» **COLLECTED MATERIAL**:
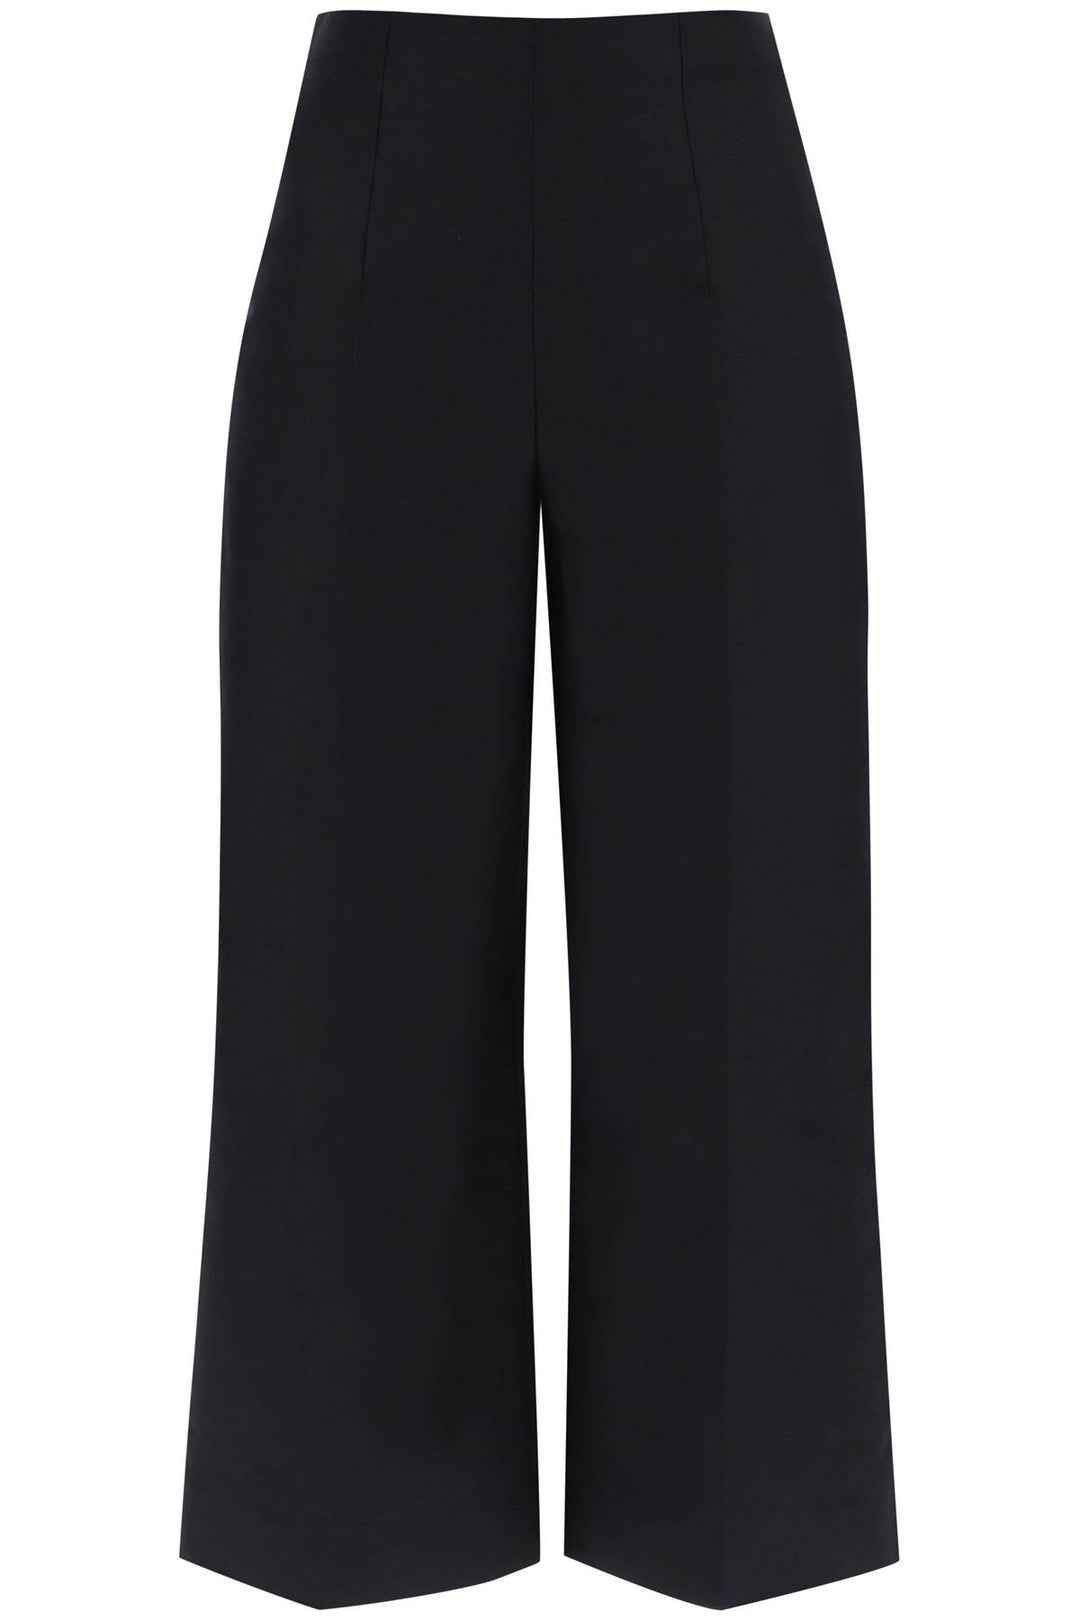 Marni Wide Legged Cropped Pants With Flared   Black
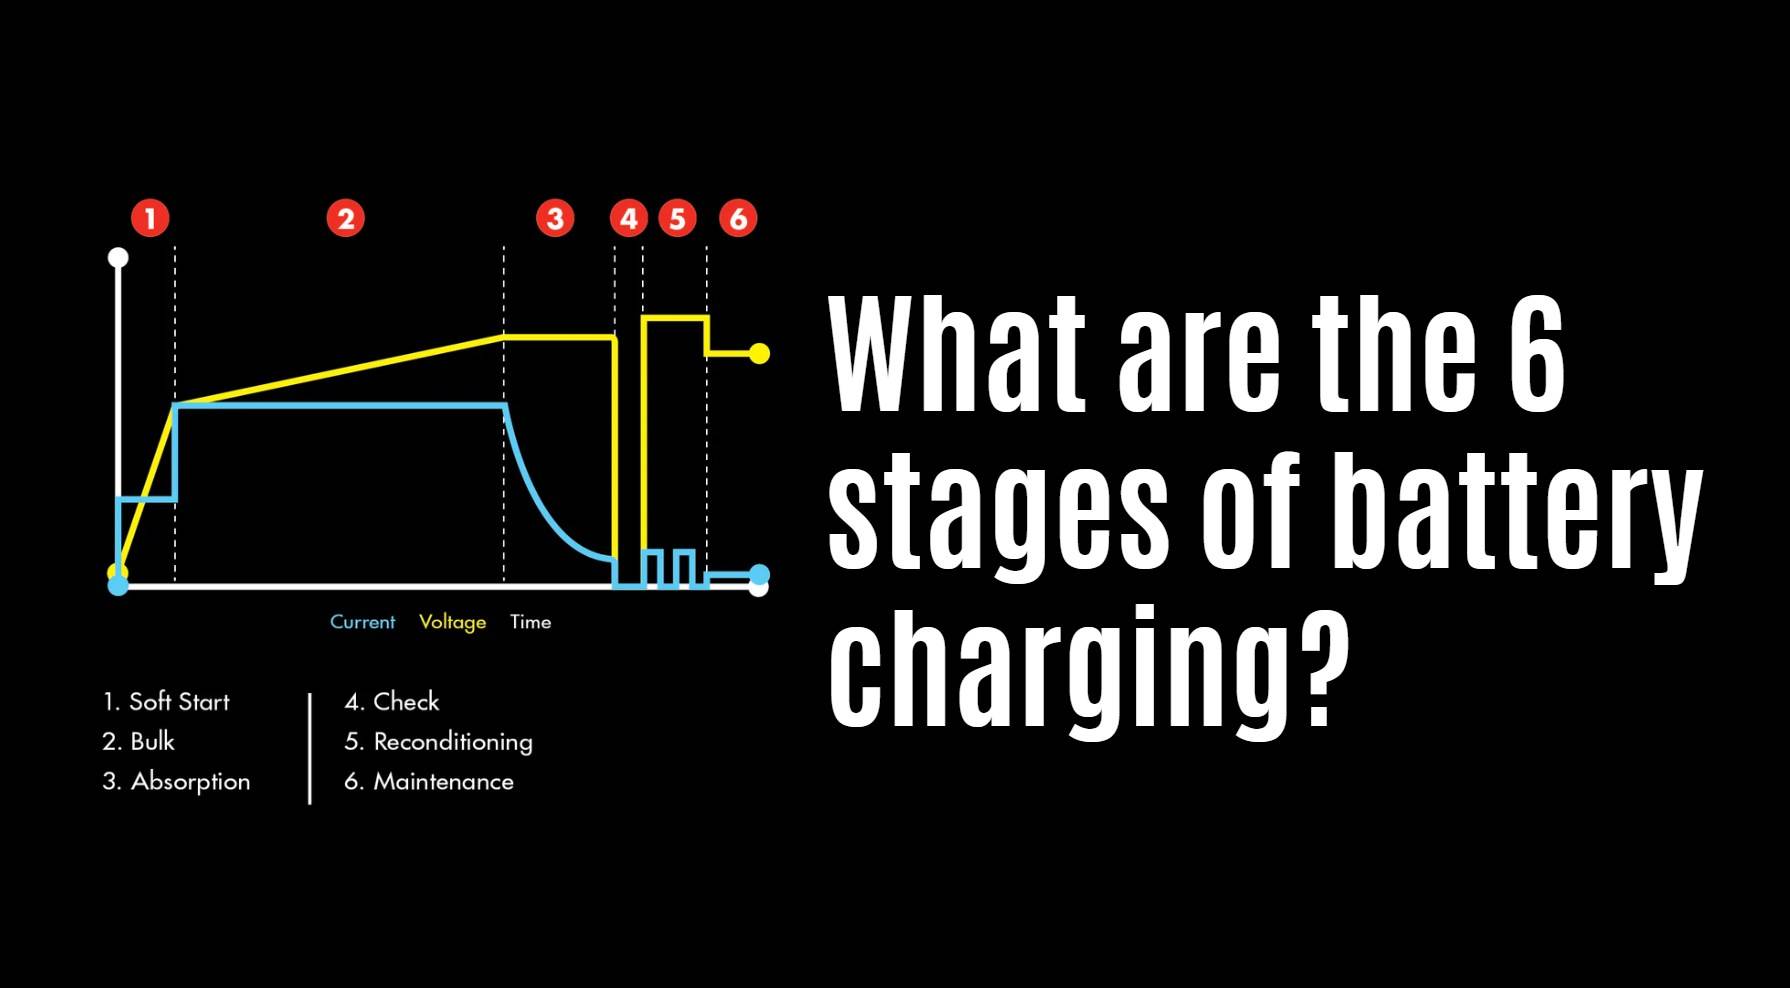 What are the 6 stages of battery charging?
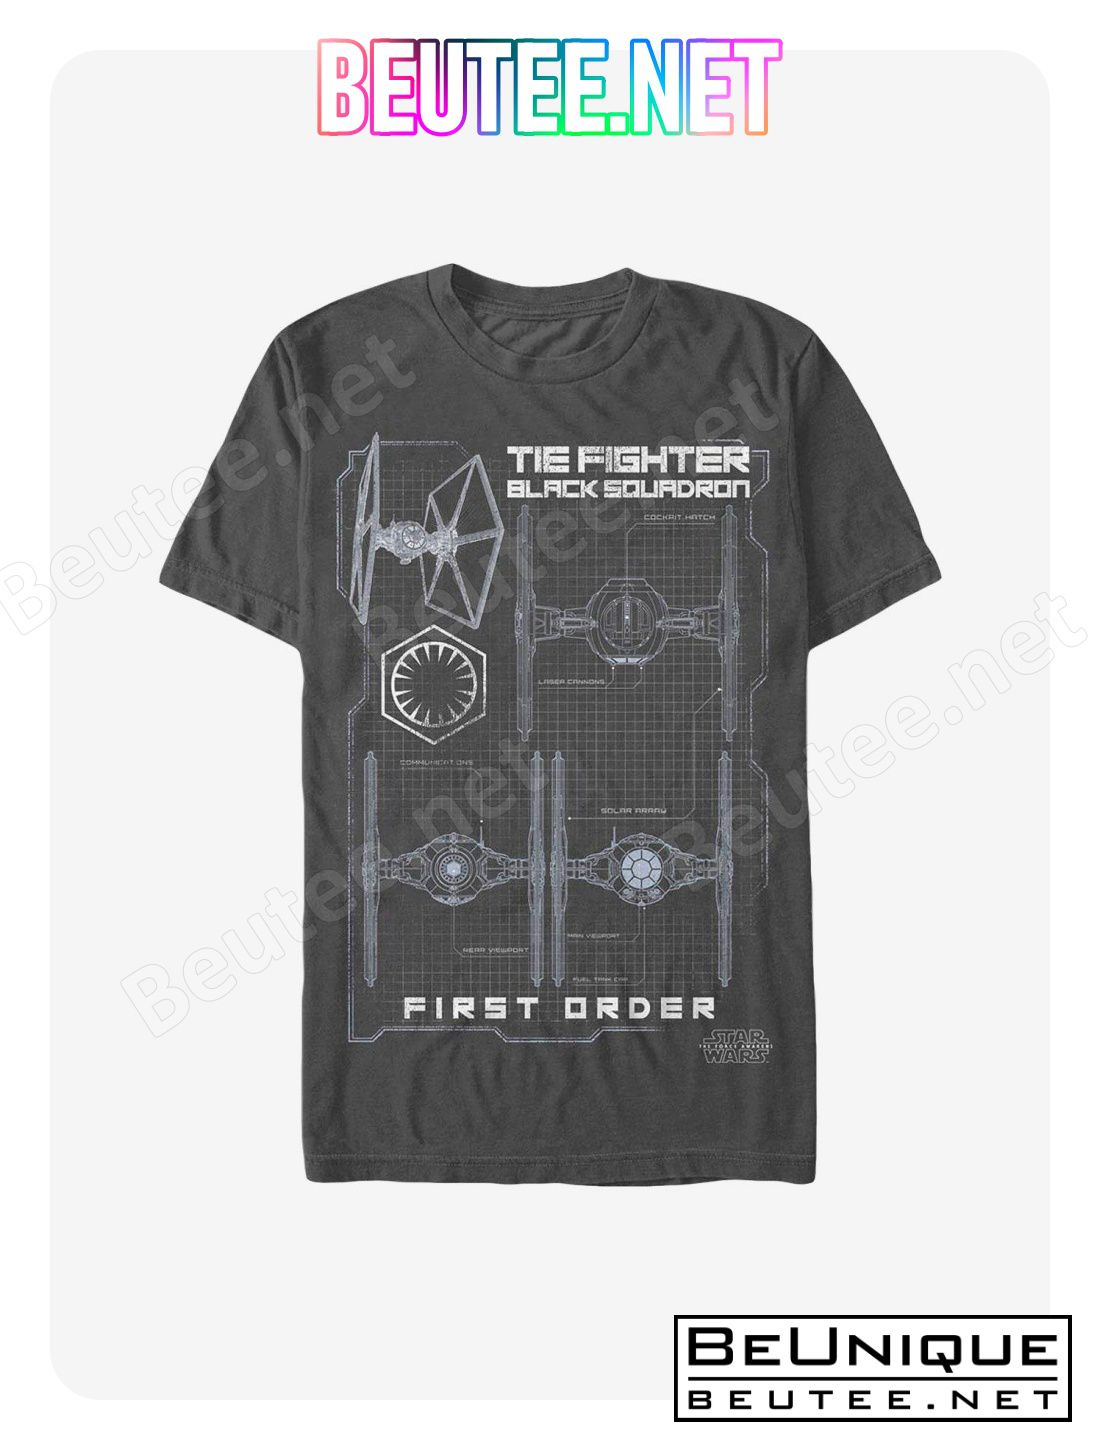 Star Wars The Force Awakens Tie Fighter Black Squadron T-Shirt

» **YOUR OBJECTIVE**: When you set down the material above, keep every word exact and include no pictures.

» **ANSWER TO THE PROBLEM**:
 Marni Wide Legged Cropped Pants With Flared   Black
 What are the 6 stages of battery charging?
 Star Wars The Force Awakens Tie Fighter Black Squadron T-Shirt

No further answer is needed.